Elsewhere, deserted GIs got in on the plunder game and early, having found crime rackets the only way to stay free if not alive. It’s known that certain crafty and determined deserters were able to set themselves up quite nicely and securely, especially in Paris and Brussels. About 50,000 American soldiers total had deserted in the European theater, many returning to duty, some never. Most had been broken by combat duty, given no respite from the front line, doomed “for the duration” (before the Army instituted rest rotations) in units with casualty rates well over 100 percent counting replacement cannon fodder. Hell creates its own type of hero. It’s not hard to imagine an enterprising sociopath like a certain fraud in Liberated (no spoilers!) rising to the occasion, death wish and all.
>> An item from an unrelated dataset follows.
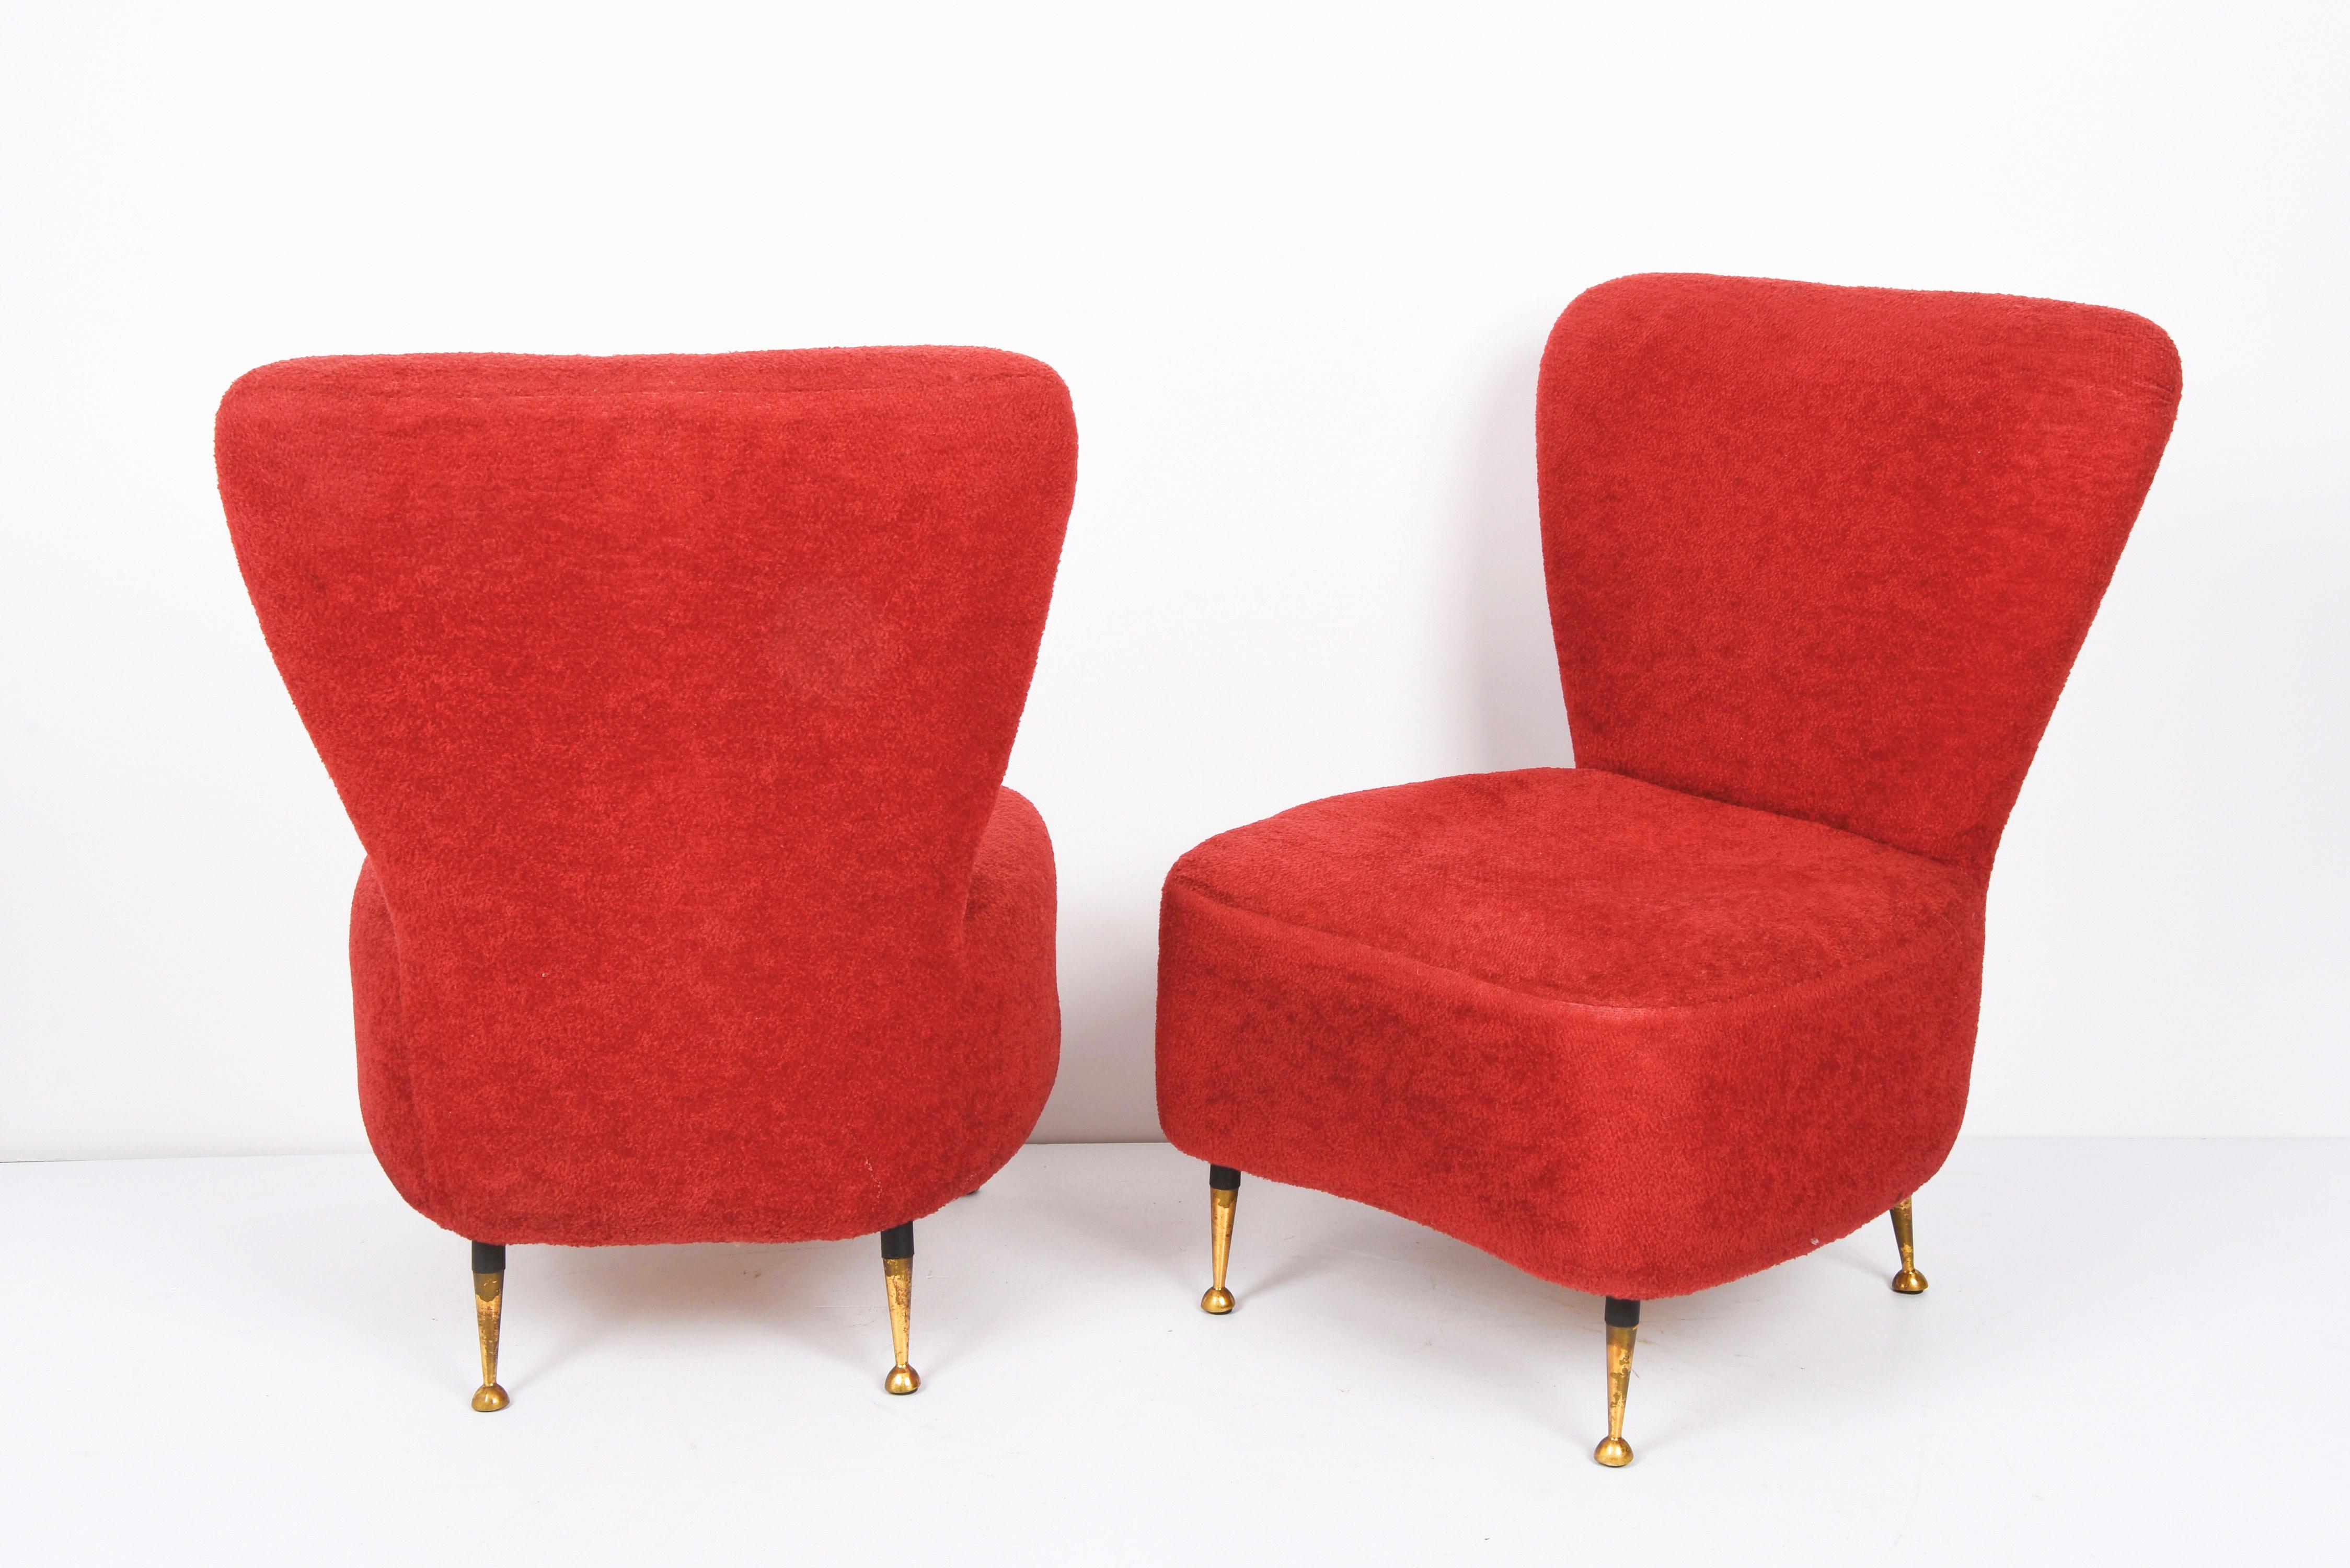 Mid-Century Modern Pair of Red Bouclé Wool and Fabric Italian Armchairs with Brass Feet, 1950s

And then there were men like Harry Kaspar, with special skills for MG, something big to prove, and a lot to dread down deep. The Wild West that was the early occupation became the greenhorn American Harry’s worst nightmare—the worst of history and human nature coming roaring back like a locomotive charging full steam downhill without a driver. Against the robber baron, the new town sheriff hardly had a chance.
This post was adapted from the Afterword of Liberated: A Novel of Germany, 1945.